Unfortunately, compiling and running a new kernel (5.16.0) did not solve the issue for me. I just got:

[67297.470558] Unable to handle kernel paging request at virtual address ffffff800000203e
[67297.477752] Oops [#1]
[67297.480000] Modules linked in: xts dm_crypt dm_mod amdgpu drm_ttm_helper ttm gpu_sched drm_kms_helper ftdi_sio snd_hda_codec_hdmi backlight snd_hda_intel snd_intel_dspcfg uas cfbfillrect syscopyarea snd_hda_codec cfbimgblt sysfillrect sysimgblt snd_hda_core fb_sys_fops cfbcopyarea fuse
[67297.505279] CPU: 3 PID: 386888 Comm: python3 Not tainted 5.16.0-00010-gb351901d62a5 #22
[67297.513266] Hardware name: SiFive HiFive Unmatched (DT)

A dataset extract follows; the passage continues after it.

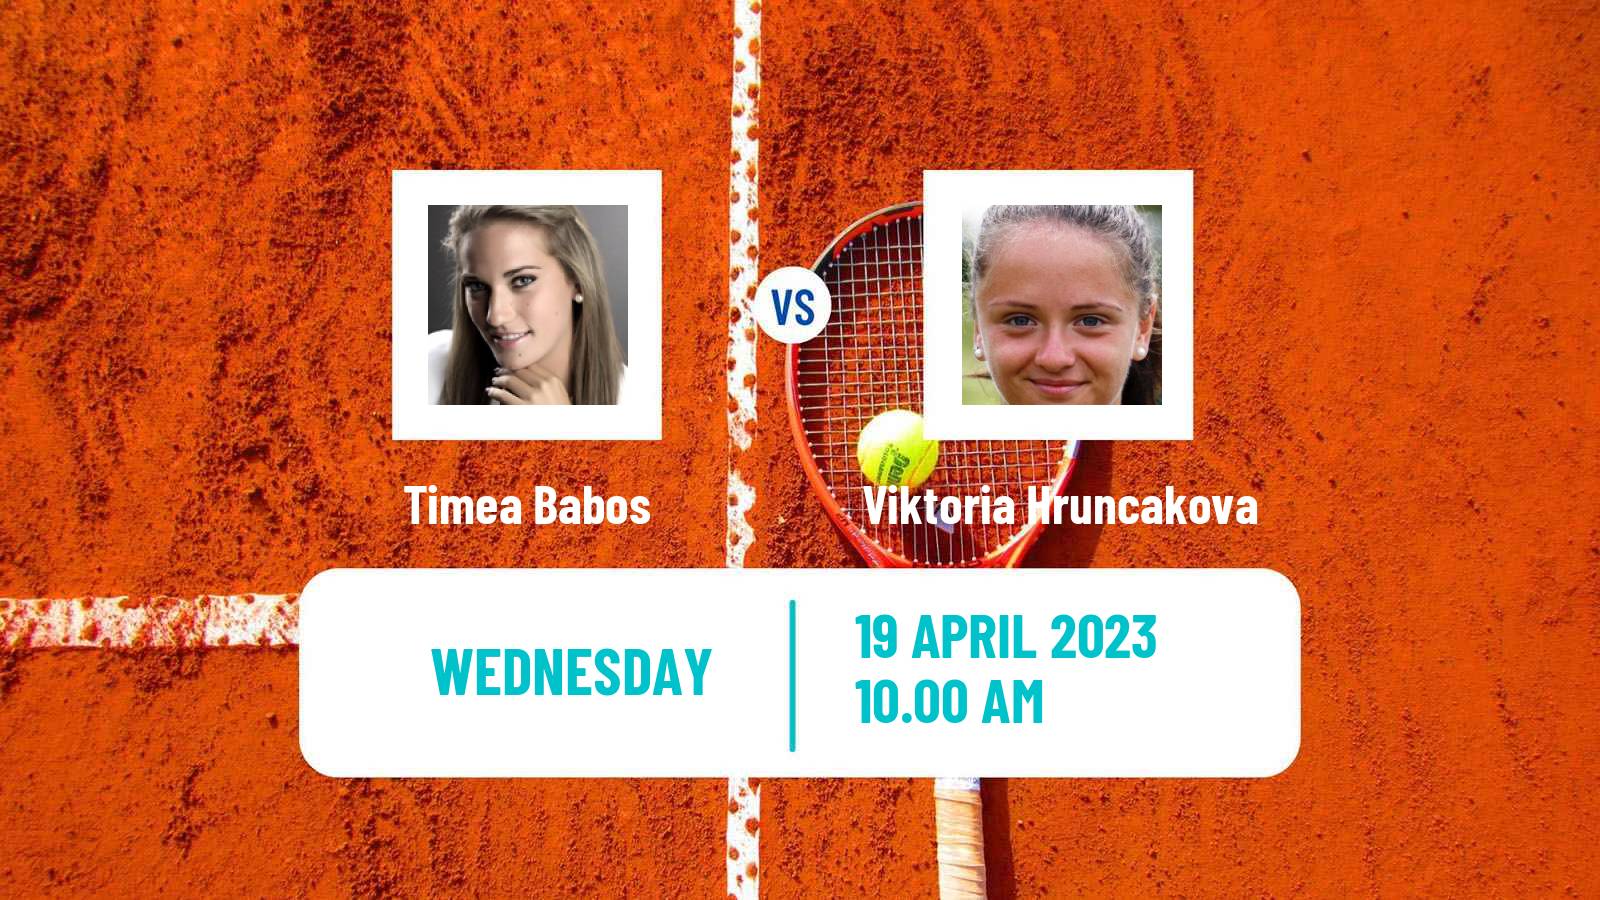 Tennis ITF Tournaments Timea Babos - Viktoria Hruncakova
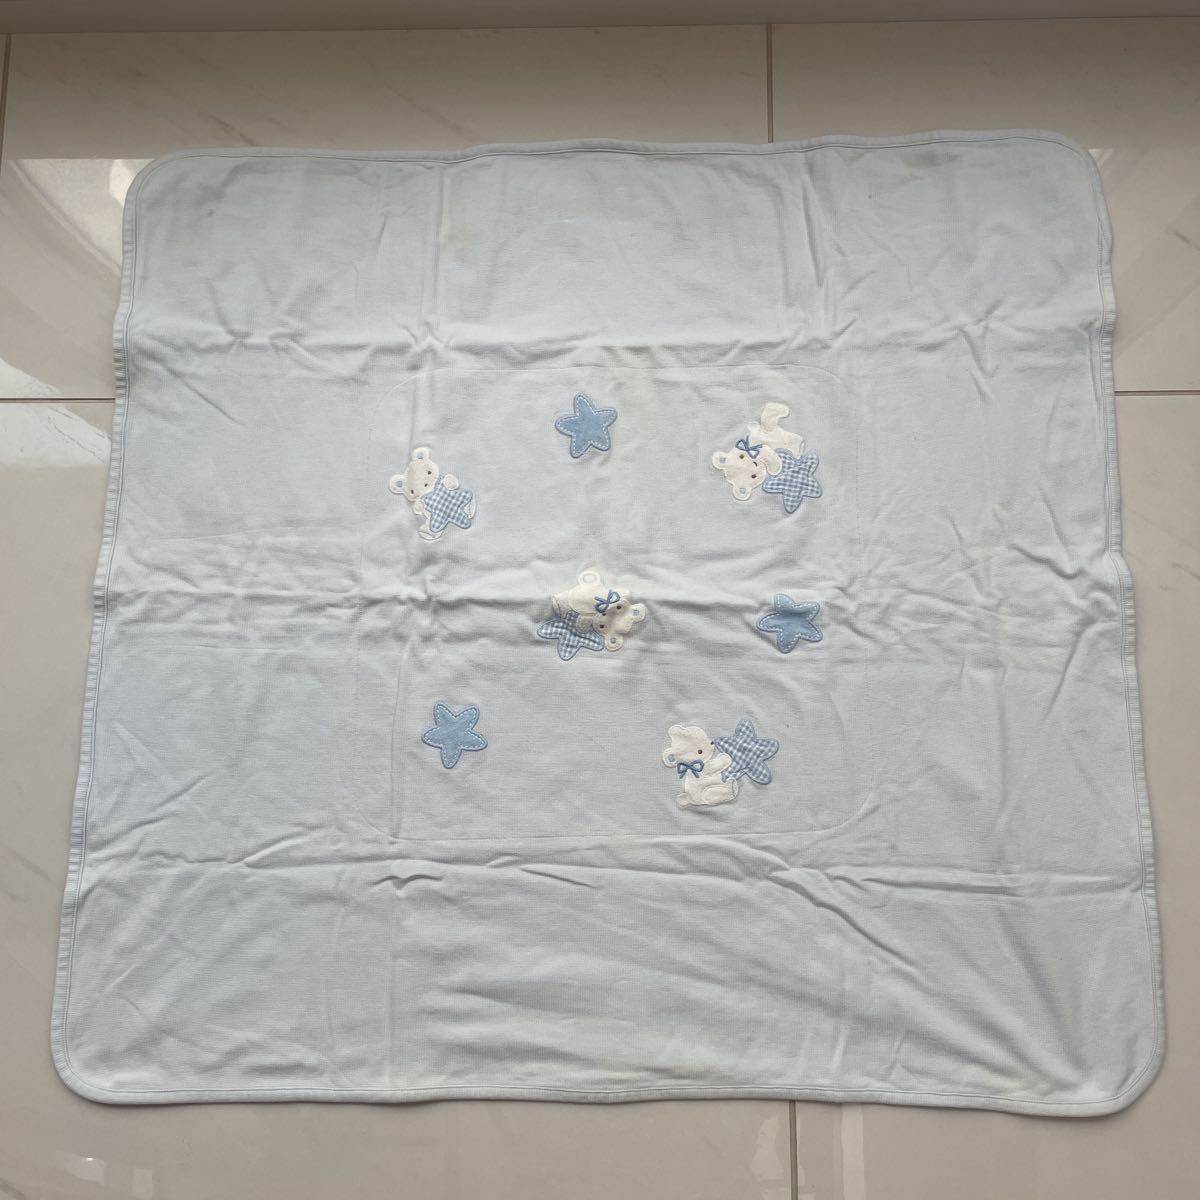 familiar blanket blanket lap blanket birth preparation cotton 100 light blue regular price 10000 jpy rank popular complete sale goods

[67297.518478] epc : rmqueue_bulk+0xca/0x42c
[67297.522474]  ra : rmqueue_bulk+0x4a/0x42c
[67297.526470] epc : ffffffff8018bf7e ra : ffffffff8018befe sp : ffffffd11a213b50
[67297.533677]  gp : ffffffff81a2c278 tp : ffffffe0a0db4b40 t0 : ffffffff80009c6a
[67297.540886]  t1 : 000000000000000a t2 : ffffffff81000250 s0 : ffffffd11a213c00
[67297.548097]  s1 : ffffffff819da640 a0 : ffffffff819daa20 a1 : 0000000000000001
[67297.555306]  a2 : 4000000000002036 a3 : 0000000000000000 a4 : ffffffff819da710
[67297.562515]  a5 : ffffffff819da640 a6 : 0000000000000cc0 a7 : 00000000000000d0
[67297.569723]  s2 : 0000000000000010 s3 : 0000000000000000 s4 : 0000000000000000
[67297.576934]  s5 : 000000000000000a s6 : 000000000000000a s7 : ffffffe3fed63430
[67297.584142]  s8 : 000000000000003f s9 : 0000000000000001 s10: ffffffcf0c659708
[67297.591353]  s11: ffffffff819da710 t3 : 0000000000000001 t4 : 05000065756c6176
[67297.598562]  t5 : ffffffcf0c659700 t6 : 000000000000000b
[67297.603860] status: 0000000200000100 badaddr: ffffff800000203e cause: 000000000000000f
[67297.611765] [<ffffffff8018bf7e>] rmqueue_bulk+0xca/0x42c
[67297.617061] [<ffffffff8018d3c6>] get_page_from_freelist+0x67c/0x9e0
[67297.623317] [<ffffffff8018e5ee>] __alloc_pages+0x10e/0x1b2
[67297.628789] [<ffffffff80178182>] __handle_mm_fault+0x39e/0x9c2
[67297.634609] [<ffffffff80178820>] handle_mm_fault+0x7a/0x100
[67297.640165] [<ffffffff80009da2>] do_page_fault+0x138/0x39c
[67297.645640] [<ffffffff8000375e>] ret_from_exception+0x0/0xc
[67297.651367] ---[ end trace 74f2ea64d69c4ca9 ]--

I don’t have time at the moment to narrow it down, sorry. I tried with the bare minimum hw before, above. Bisecting is not possible as I have the problem with every kernel.